Smart Peptide Hydrogels That Release Wound-Healing Signals When They Detect Injury Enzymes

The researchers synthesized three hybrid peptides and characterized them using circular dichroism, thioflavin T assay, transmission electron microscopy, atomic force microscopy, scanning electron cryomicroscopy, and rheological testing. They tested stability in water and plasma, and enzyme susceptibility. Cytotoxicity was assessed on fibroblasts and keratinocytes using XTT and LDH assays. Wound healing was evaluated in a mouse dorsal skin injury model with histological analysis.

Wound healing peptides like GHK are effective but break down quickly, requiring repeated application. This hydrogel system solves that problem by acting as both a protective scaffold for new skin cells and a controlled-release reservoir that only delivers healing peptides when wound-related enzymes are present. This enzyme-triggered release is an elegant design — the gel responds to the wound environment itself.

Self-assembling peptide hydrogels represent a growing area of regenerative medicine. The innovation here is the enzyme-responsive release mechanism — the material doesn't just passively release peptides over time, it specifically responds to wound-related enzymes.
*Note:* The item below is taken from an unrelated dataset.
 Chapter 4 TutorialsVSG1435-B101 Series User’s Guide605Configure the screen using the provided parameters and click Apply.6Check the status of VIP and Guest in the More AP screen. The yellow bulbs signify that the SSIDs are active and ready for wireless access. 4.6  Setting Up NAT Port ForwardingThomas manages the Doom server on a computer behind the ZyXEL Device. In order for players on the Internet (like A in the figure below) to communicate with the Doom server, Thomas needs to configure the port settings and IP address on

This approach could be applied beyond wound healing to deliver anti-inflammatory or antimicrobial peptides in other tissue engineering applications where enzyme-triggered drug release would be beneficial.
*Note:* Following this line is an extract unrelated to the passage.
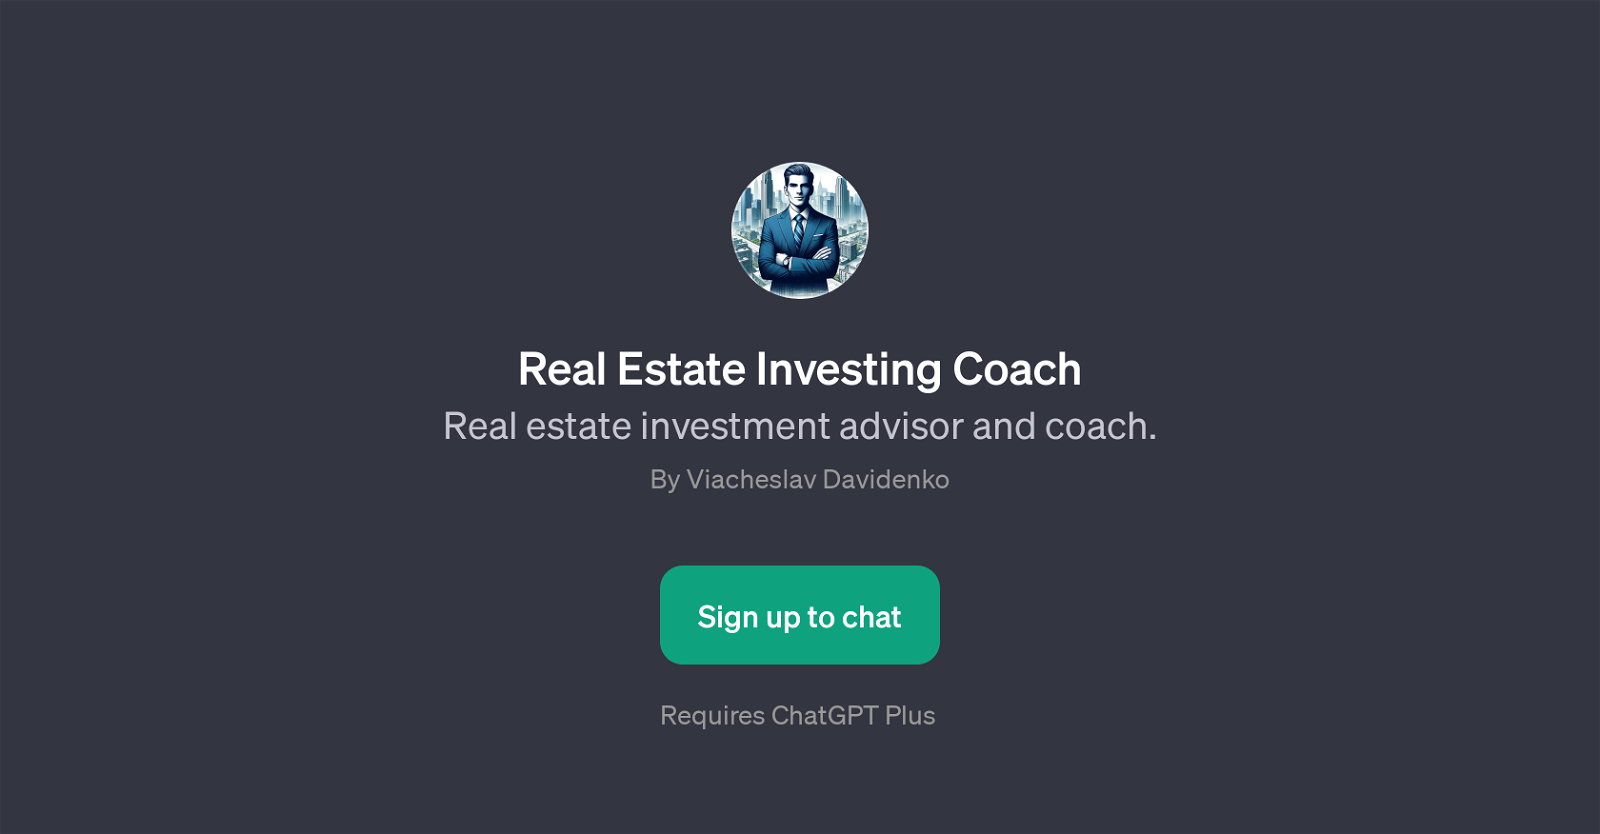 Real Estate Investing Coach website

Wound healing was only demonstrated in a mouse model, and mouse skin heals differently from human skin. The abstract doesn't report specific wound closure rates, healing times, or quantitative comparisons. Only two of the three hybrid peptides (RADA-GHK and RADA-KGHK) were tested in the wound model — RADA-RDKVYR results aren't mentioned for in vivo. Long-term biocompatibility and manufacturing scalability are unknown.